Data segment:

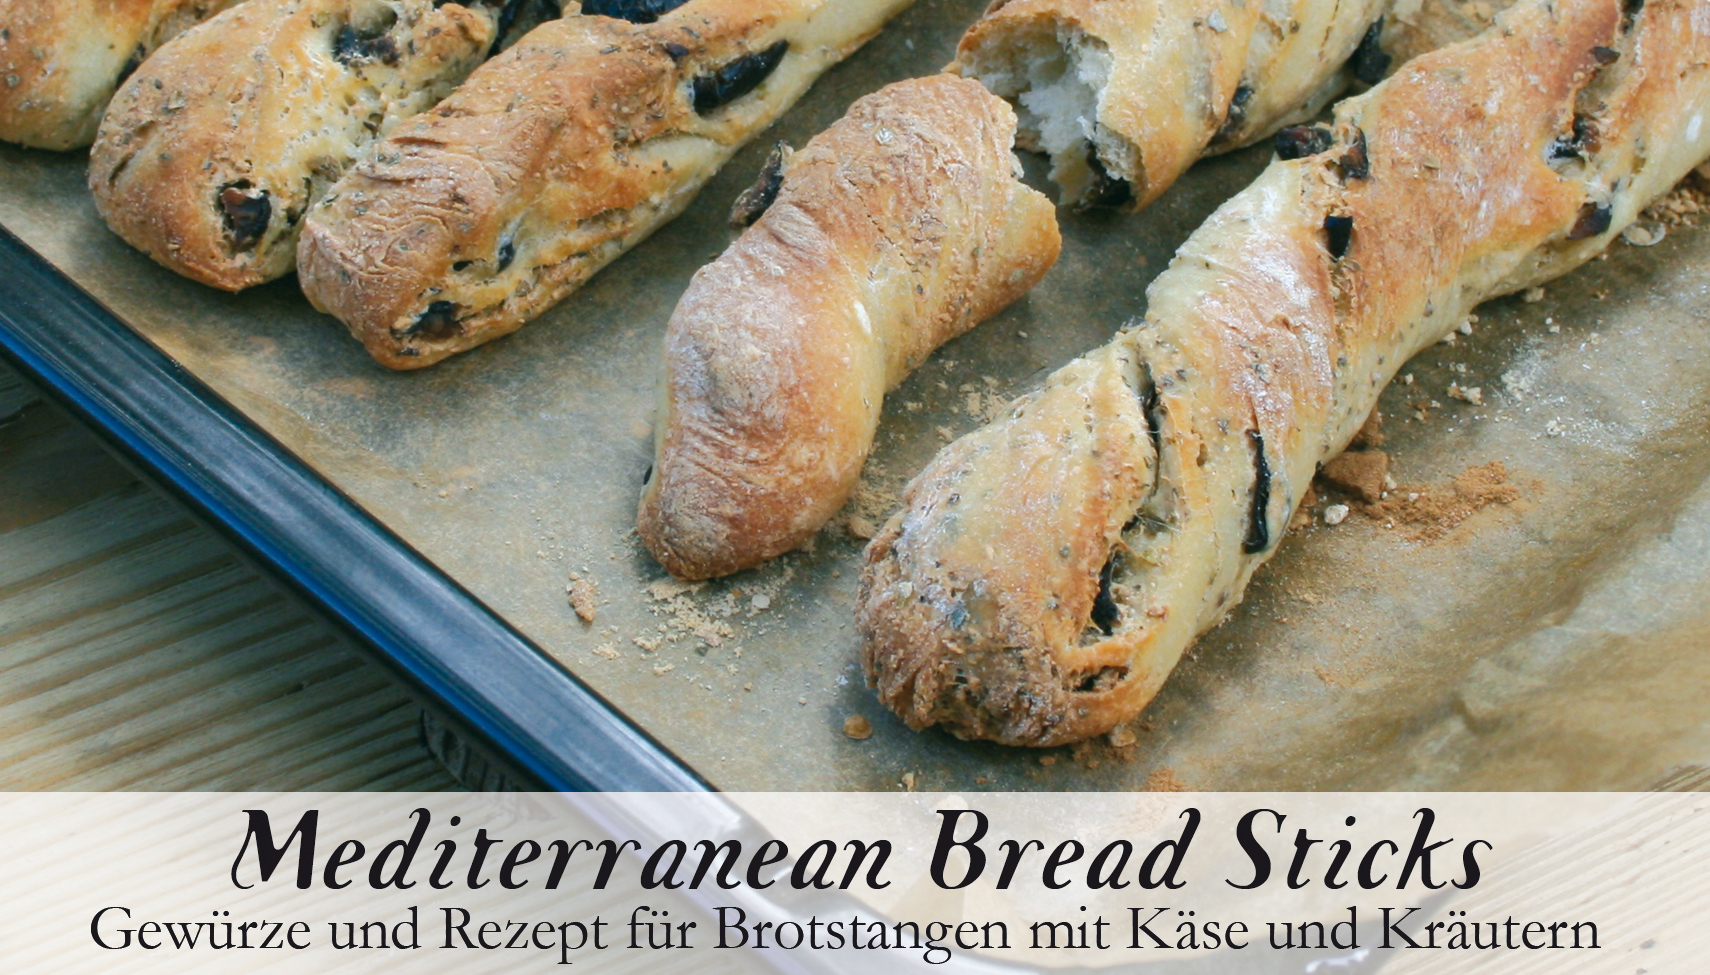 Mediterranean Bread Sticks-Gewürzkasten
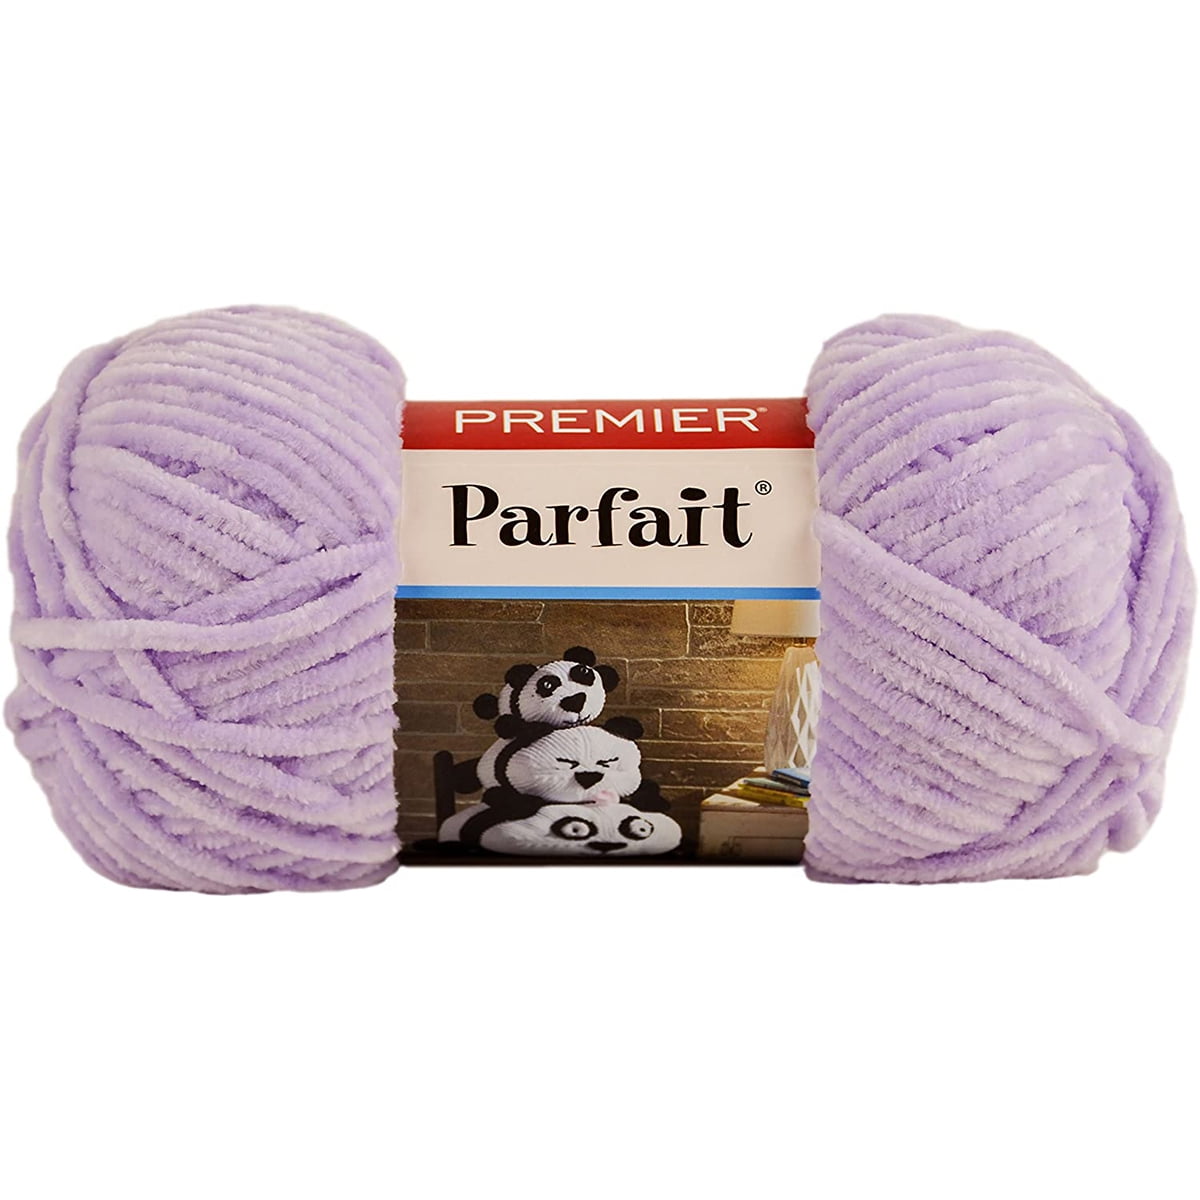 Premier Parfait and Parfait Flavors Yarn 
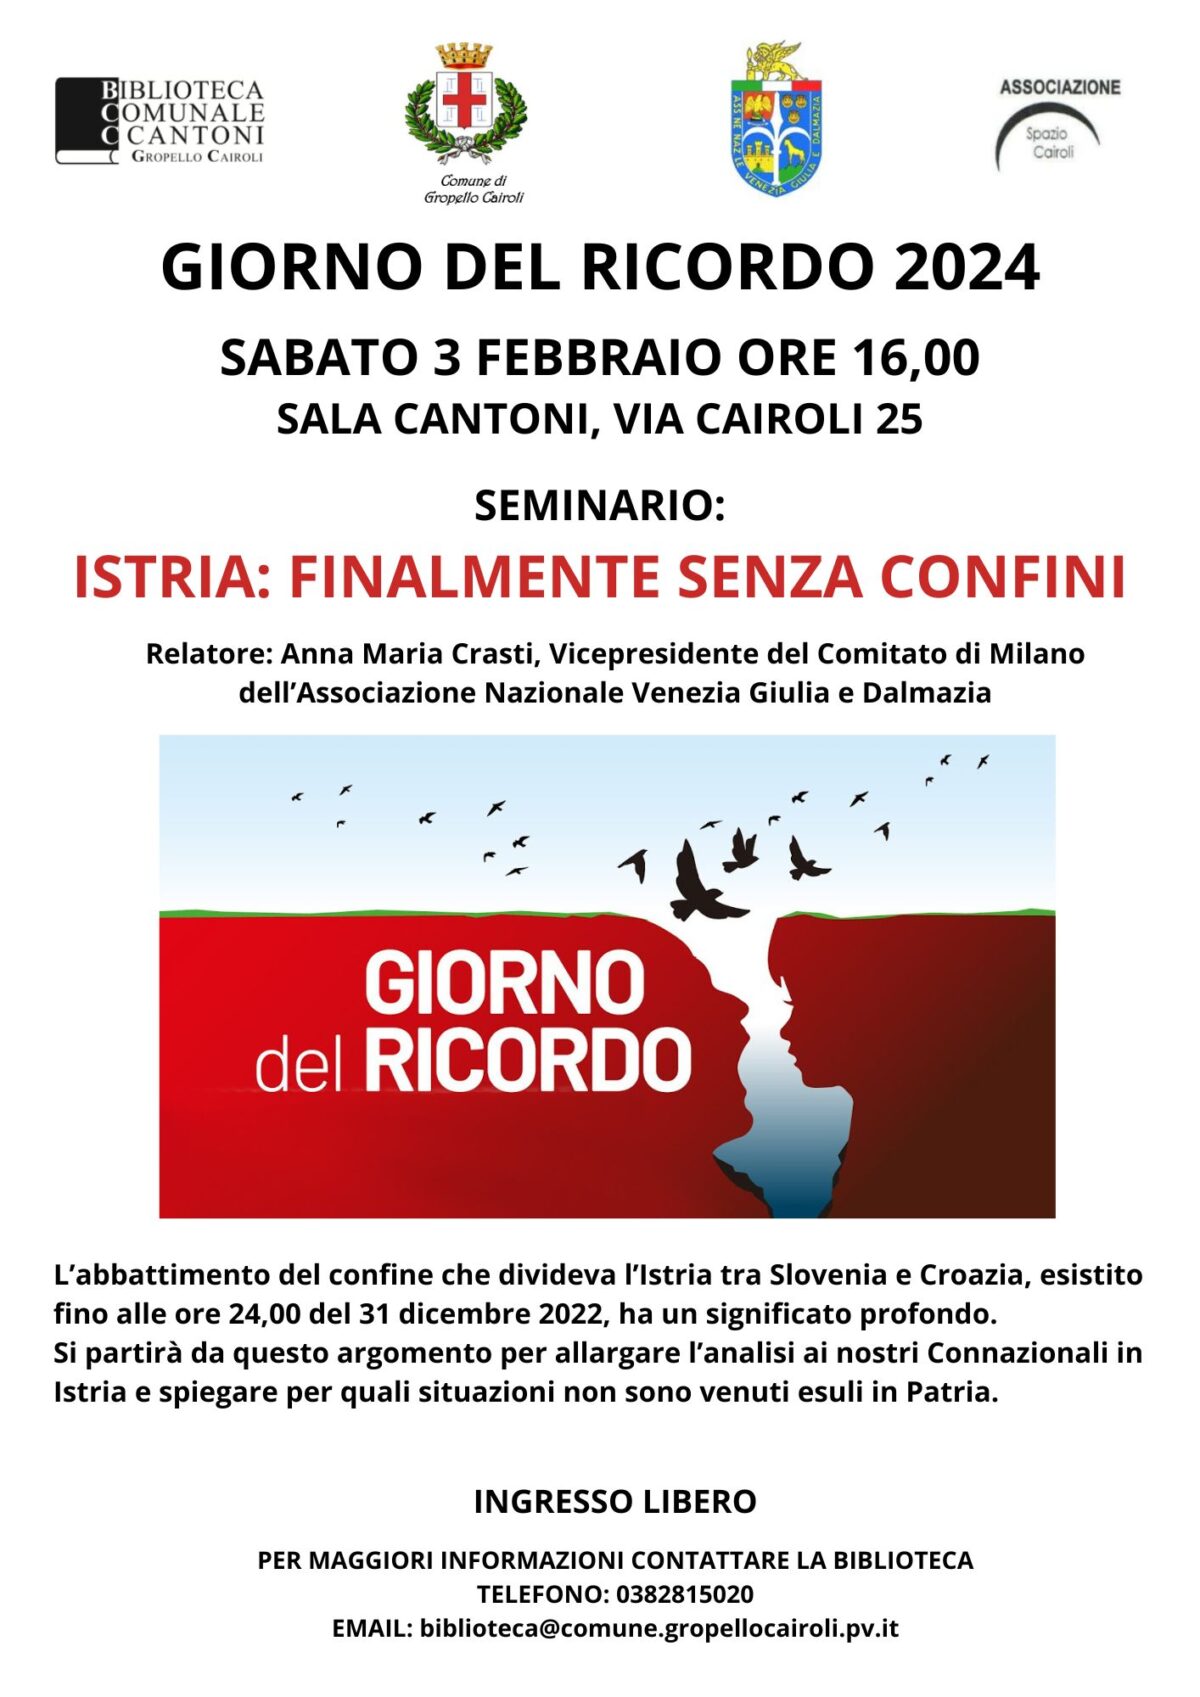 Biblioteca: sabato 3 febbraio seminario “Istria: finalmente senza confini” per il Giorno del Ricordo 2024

Exercise aim:
Copy out the whole listing exactly. Skip its pictures.

Response to this exercise:
 Mediterranean Bread Sticks-Gewürzkasten
 Premier Parfait and Parfait Flavors Yarn 
 Biblioteca: sabato 3 febbraio seminario “Istria: finalmente senza confini” per il Giorno del Ricordo 2024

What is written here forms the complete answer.